> [What is needed] Your answer is a copy of every line in the records where "avec" appears.

> [Data for review]
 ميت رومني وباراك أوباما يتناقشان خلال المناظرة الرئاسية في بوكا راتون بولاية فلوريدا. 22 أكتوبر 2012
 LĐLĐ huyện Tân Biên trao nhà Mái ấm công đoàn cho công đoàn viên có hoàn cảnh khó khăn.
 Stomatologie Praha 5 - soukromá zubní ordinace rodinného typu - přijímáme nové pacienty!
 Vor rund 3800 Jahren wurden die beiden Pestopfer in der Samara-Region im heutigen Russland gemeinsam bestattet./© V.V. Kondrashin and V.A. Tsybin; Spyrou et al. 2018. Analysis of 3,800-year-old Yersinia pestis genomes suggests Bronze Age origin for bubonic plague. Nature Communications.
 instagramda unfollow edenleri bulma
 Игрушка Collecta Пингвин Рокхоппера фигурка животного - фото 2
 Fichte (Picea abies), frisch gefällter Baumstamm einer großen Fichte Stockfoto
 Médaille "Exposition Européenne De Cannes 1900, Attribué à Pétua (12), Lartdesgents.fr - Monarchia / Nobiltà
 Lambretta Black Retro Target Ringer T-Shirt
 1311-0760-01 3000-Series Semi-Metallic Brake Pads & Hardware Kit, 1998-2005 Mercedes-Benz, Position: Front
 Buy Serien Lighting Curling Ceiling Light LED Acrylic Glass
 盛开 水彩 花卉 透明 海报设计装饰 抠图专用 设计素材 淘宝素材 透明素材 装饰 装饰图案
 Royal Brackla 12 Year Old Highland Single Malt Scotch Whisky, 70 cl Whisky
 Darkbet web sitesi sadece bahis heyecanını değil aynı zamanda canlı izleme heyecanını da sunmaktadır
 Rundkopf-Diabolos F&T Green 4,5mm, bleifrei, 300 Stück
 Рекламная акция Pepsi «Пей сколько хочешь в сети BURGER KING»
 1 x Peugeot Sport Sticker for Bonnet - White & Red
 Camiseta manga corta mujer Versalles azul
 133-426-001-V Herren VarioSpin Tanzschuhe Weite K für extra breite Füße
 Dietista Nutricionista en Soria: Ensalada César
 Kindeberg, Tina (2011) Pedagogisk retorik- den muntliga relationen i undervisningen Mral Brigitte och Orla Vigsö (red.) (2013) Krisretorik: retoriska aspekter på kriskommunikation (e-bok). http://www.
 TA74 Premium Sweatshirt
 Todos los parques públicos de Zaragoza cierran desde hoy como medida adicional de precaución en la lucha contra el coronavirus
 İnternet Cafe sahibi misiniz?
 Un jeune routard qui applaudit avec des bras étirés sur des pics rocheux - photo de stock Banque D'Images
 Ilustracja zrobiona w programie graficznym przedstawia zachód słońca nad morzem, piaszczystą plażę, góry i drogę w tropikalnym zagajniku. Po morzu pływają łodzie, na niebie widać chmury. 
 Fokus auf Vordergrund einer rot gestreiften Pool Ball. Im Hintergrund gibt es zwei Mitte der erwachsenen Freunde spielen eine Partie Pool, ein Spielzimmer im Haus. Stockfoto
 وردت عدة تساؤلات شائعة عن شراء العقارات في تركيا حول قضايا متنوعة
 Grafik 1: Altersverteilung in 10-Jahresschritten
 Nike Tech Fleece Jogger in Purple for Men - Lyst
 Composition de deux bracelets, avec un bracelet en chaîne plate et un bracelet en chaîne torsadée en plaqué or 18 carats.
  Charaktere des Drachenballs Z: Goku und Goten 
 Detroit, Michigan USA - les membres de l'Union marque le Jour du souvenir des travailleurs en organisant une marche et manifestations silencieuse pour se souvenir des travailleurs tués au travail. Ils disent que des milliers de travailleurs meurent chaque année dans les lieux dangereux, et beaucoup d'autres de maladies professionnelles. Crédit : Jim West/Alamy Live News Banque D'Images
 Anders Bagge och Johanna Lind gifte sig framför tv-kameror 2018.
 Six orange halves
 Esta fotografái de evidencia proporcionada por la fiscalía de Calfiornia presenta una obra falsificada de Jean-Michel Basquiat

> [Answer box]
 Un jeune routard qui applaudit avec des bras étirés sur des pics rocheux - photo de stock Banque D'Images
 Composition de deux bracelets, avec un bracelet en chaîne plate et un bracelet en chaîne torsadée en plaqué or 18 carats.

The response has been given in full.